This is a homework question for numerical analysis that I do not know how to find the solution to.
$\frac{du}{dt}-\frac{du}{dx}=0$
$u(x,0)=e^x$
$u(1,t)=e^{t+1}$
$0\leq x \leq1,0\leq t \leq1$
I know the solution should be of the form $u=f(x)g(t)$ but I can't find any literature that explains what to do with the boundary conditions. My teacher said I don't need to have worked with PDEs before to solve this but I am lost.
Assume a solution of the form $u(x,t) = X(x)T(t)$, you only need to deal with the BC's to get the solution.

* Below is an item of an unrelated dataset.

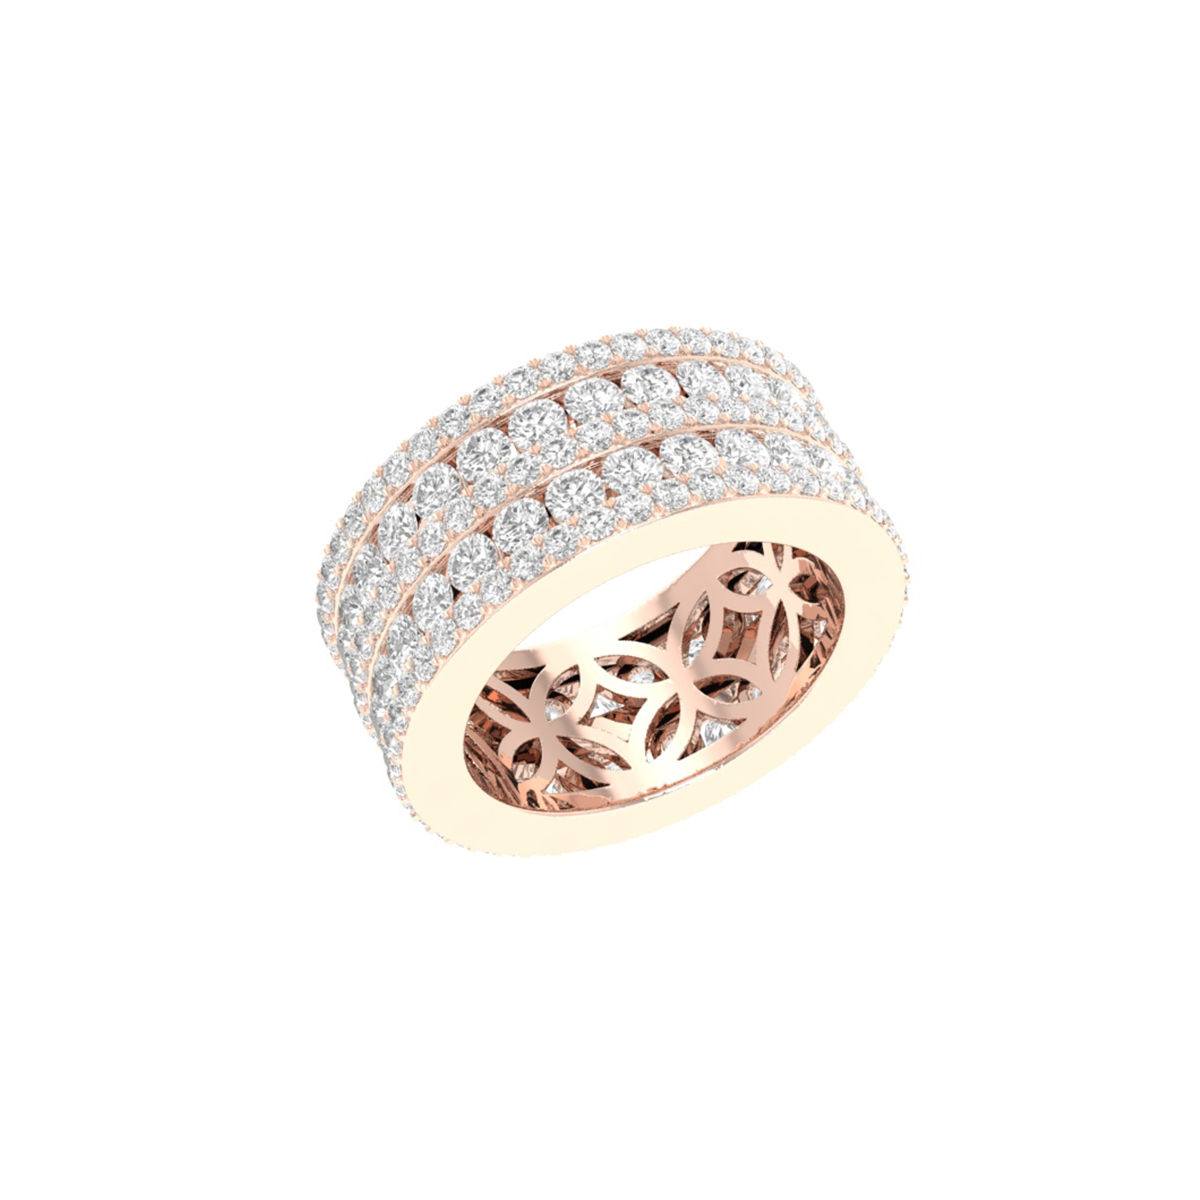 ICED OUT BRILLIANCE DIAMOND RING - The Ice Champ

So the BC's become $$u(x,0) = X(x)T(0) = e^x $$ $$u(1,t) = X(1)T(t) = e^{t+1}$$ from these we have $$X(x) = \frac{1}{T(0)} e^x$$ and $$T(t) = \frac{1}{X(1)} e^{t+1}$$ we can write the solution as
$$u(x,t) = X(x) T(t) = \frac{1}{T(0)X(1)} e^{x+t+1}$$
To get rid of the constant in front use one of the BC's to get $$X(1)T(0) = e$$ and the solution is $$u(x,t) = \frac{1}{e}e^{x+t+1}=e^{x+t}$$